The old Eurostar terminal is to become a theatre for the summer as York Theatre Royal’s site-specific account of The Railway Children chuffs south from the National Railway Museum. That’s where, for the past two summers, it has been thrilling children, moistening parental tear ducts and no doubt drawing a fair few trainspotters eager to see the very same train carriage which, in the beloved 1970 film, reunited the children with their wrongly imprisoned father. Director Damian Cruden and designer Joanna Scotcher have their work cut out transforming Grimshaw Architects’ epic space into something cosy and Edwardian. But they can count of the pulling power, in every sense, of a gleaming steam locomotive, which appears at all several of the dramatic moments in E Nesbit’s familiar story, not least when Bobby has to stand on the track to halt the train. (Health and safety have been closely consulted.) The production is played in traverse across the track, with the 1000-strong audience arranged on opposite platforms.  “We want the audience almost to feel as if they’re waiting for a train to arrive before the show starts,” says Scotcher. (JR)

malfiThe Duchess of Malfi

Great Eastern Key, Royal Albert Basin, Newham, Punchdrunk/ENO

The picture says it all. This first-ever collaboration between ENO and Punchdrunk is without doubt the hot ticket of the summer, not least owing to curiosity about whether the rigours of opera can mesh with the choice-laden, immersive experience that led, for instance, to Punchdrunk's The Masque of the Red Death playing to 42,000 people over seven months at Battersea Arts Centre several years ago. The questions here posed are numerous, starting with the venue itself: a former office space encompassing 100,000 square feet that is owned by the Notting Hill Housing Trust but situated well out in Docklands Light Railway territory: Newham, E16. Then there's the issue of what you do with the orchestra - 69 in number - that will be playing German composer Torsten Rasch's score. (Answer: break the musicians up into smaller units, at least until the finale.) Director/designer Felix Barrett's source, of course, is the murderous John Webster play here filleted by librettist Ian Burton into an essential 40 minutes or so that can loop back on itself, Punchdrunk-style, so that the narrative technique itself becomes prismatic. Two casts fill the five principal roles (there are alternates for matinees), and 2010 Tony winner Neil Austin (Red) is in charge of the lighting. Will the piece make any sense if you don't already know the play? Who cares: the experience itself promises to be the event. (MW)


Old Vic Tunnels, Waterloo

The Old Vic Tunnels, located under Waterloo station, have it all: gloomy subterranean arches, profound smell of damp, echoing bare-brick corridors — and the chance of bumping into Old Vic artistic director Kevin Spacey on press nights. Opening last February, this dank but evocative space has already hosted Beth Steel’s dystopic rural fantasy, Ditch, and the current show is Aftermath, about the fallout from the war in Iraq on ordinary Iraqis. Award–winning actor/directors Jessica Blank and Erik Jensen (from Tim Robbins’ Actors Gang and veterans of The Exonerated) interviewed some 35 Iraqi refugees in Jordan to create Aftermath as part of this year’s London International Festival of Theatre (LIFT). A cast of nine portray the experiences of a cross-section of Iraqi society after the US invasion, from the voice of an Imam imprisoned in Abu Ghraib to the victim of a car-bombing, a young mother and a Shiite couple forced to flee after being compelled to inform on their Sunni neighbours. Their powerful stories will surely be amplified by the strangeness of this setting, and certainly punctuated by the not-so-distant rumble of trains departing from the normal world above. Produced by the acclaimed New York Theatre Workshop, this is must-see for anyone with Amnesty International membership. (AS)

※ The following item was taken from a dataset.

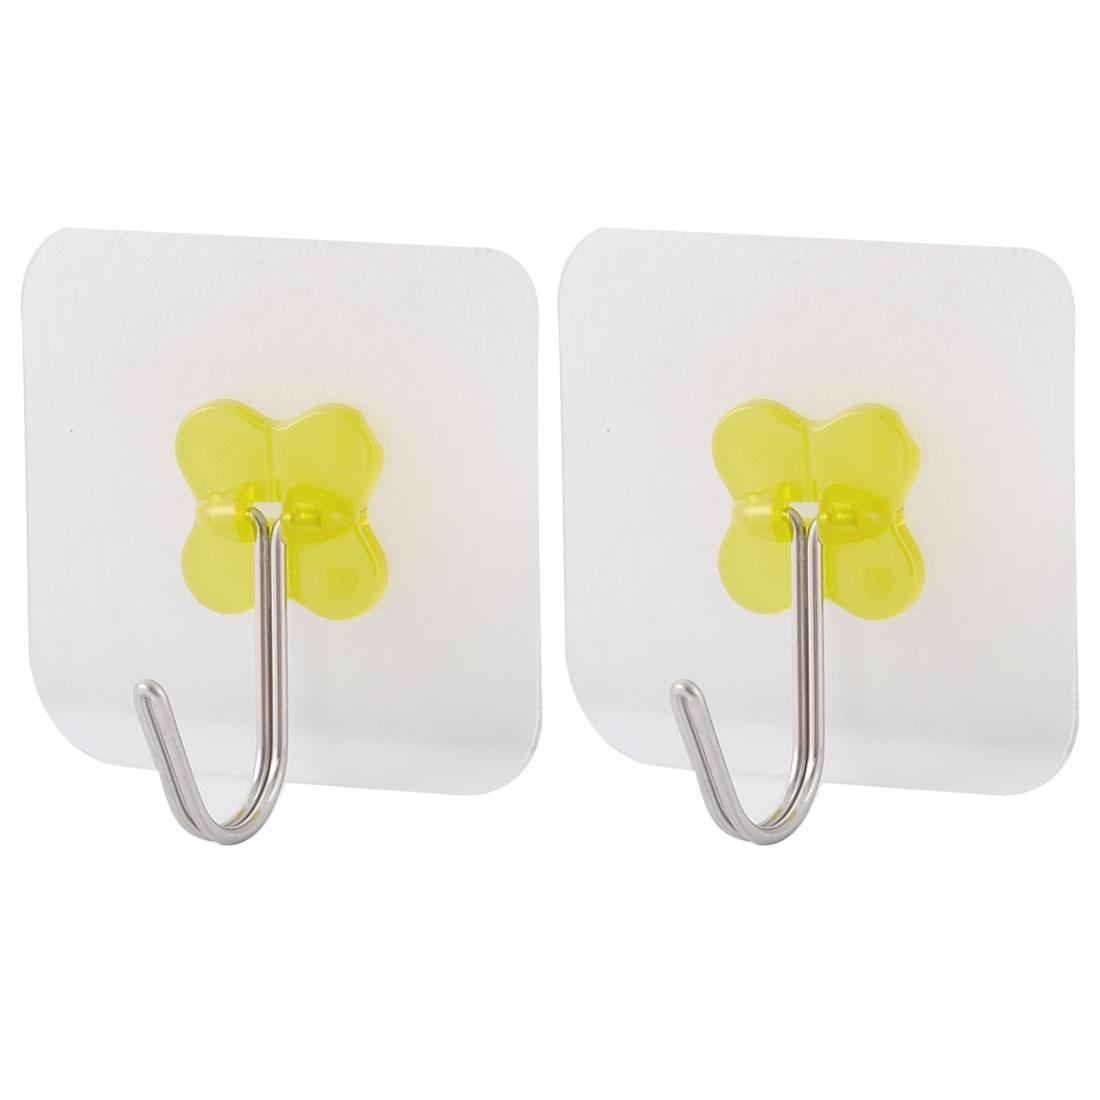 Home Door No Scratch Towel Clothes Hanger Self Adhesive Seamless Hook Yellow 2pcs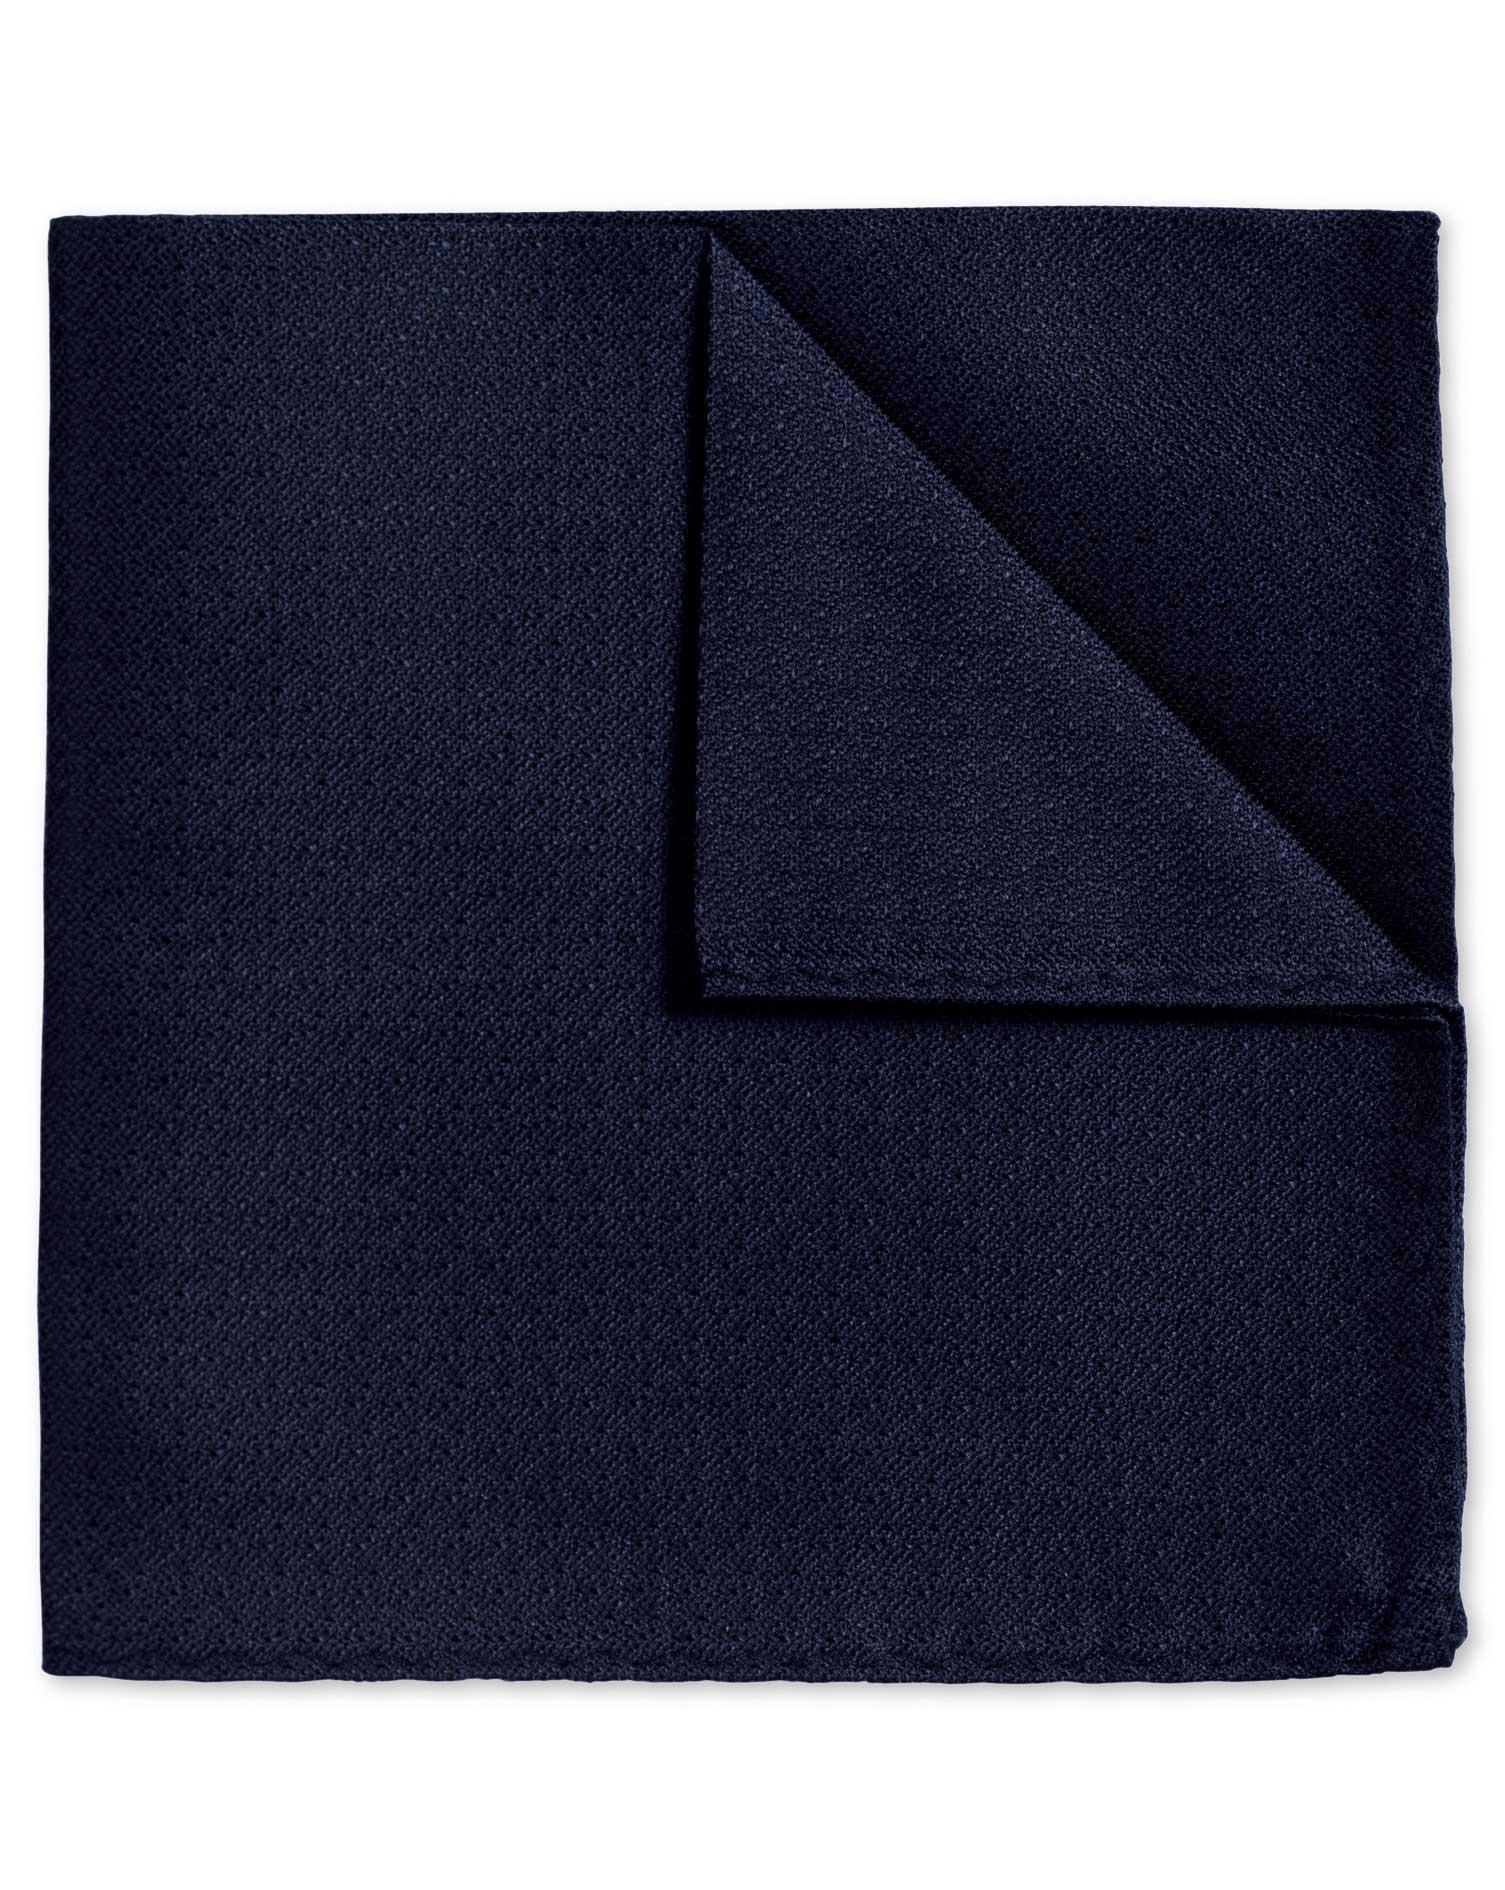 Navy Textured Plain Classic Silk Pocket Square Size OSFA by Charles Tyrwhitt

Duncan_Speakman_As_IF_It_Were_The_Last_TimeDuncan Speakman's Subtlemob: As if it were the last time

Midsummer Place Shopping Centre, Milton Keynes International Festival

Subtlemob was conceived by theatre practitioner Duncan Speakman, who uses his training as a sound engineer to explore how the use of sound influences our perception of public spaces. Like a flashmob, it involves consenting members of the public to congregate in a communal space but that’s where the similarity ends. Unlike flash mob, which is essentially attention seeking – flouncing around naked in Selfridges, and so forth – no one except for a few your fellow participants will have any idea of what you are taking part in a subtlemob. The audience, who must sign up for this free event in advance (details below) will be sent an MP3 file to download onto their i-pod or mobile phone prior to the event and when everyone has gathered together and pressed ‘play’ simultaneously, the fun begins. Speakman works closely with a plethora of actors, musicians and sound engineers to create a soundtrack that offers the audience an alternative view of their surroundings, each individual becoming part of a larger group, and everyone experiencing slightly different versions of the same events. As Speakman himself says, “As the soundtrack swells, people in the crowd around you re-enact the England of today.  Sometimes you’re just drifting and watching, sometimes you’re creating the scenes yourself. This is no requiem; this is a celebratory slow dance, a chance to savour the world you live in.” No mean feat in a shopping centre. (HW)

mosaicaRomeo & Juliet

Mosaica @The Chocolate Factory, Wood Green

An industrial courtyard space in deepest north London becomes the Verona Council Estate, where Shakespeare’s star-cross’d lovers try and get in on amid the gang warfare of their peers. Here the keynote is high-energy action in a claustrophobic environment. Fusing movement, music and art with the bard’s traditional verse, this version creates a world peopled by skateboarders, freerunners, dope smokers and arty types. Oh, and some actors from television soaps: Ben Freeman (Emmerdale and Grange Hill) and Jennifer Biddall (Hollyoaks) play Prince Escalus and Lady Capulet. The leads are played by Kyle McPhail and Esther Smith. The show is directed by Adam Welsh for MokitaGrit Productions, who have already won plaudits and awards for their Once Upon a Time at the Adelphi (Union Theatre). The courtyard is accessible through the Mosaica Restaurant at the Chocolate Factory in Wood Green. There is a Romeo and Dinner ticket offer at £19.50, which includes an interval buffet provided by Mosaica. Or pay £10 less and experience the climax of Shakespearean tragedy on an empty stomach. (AS)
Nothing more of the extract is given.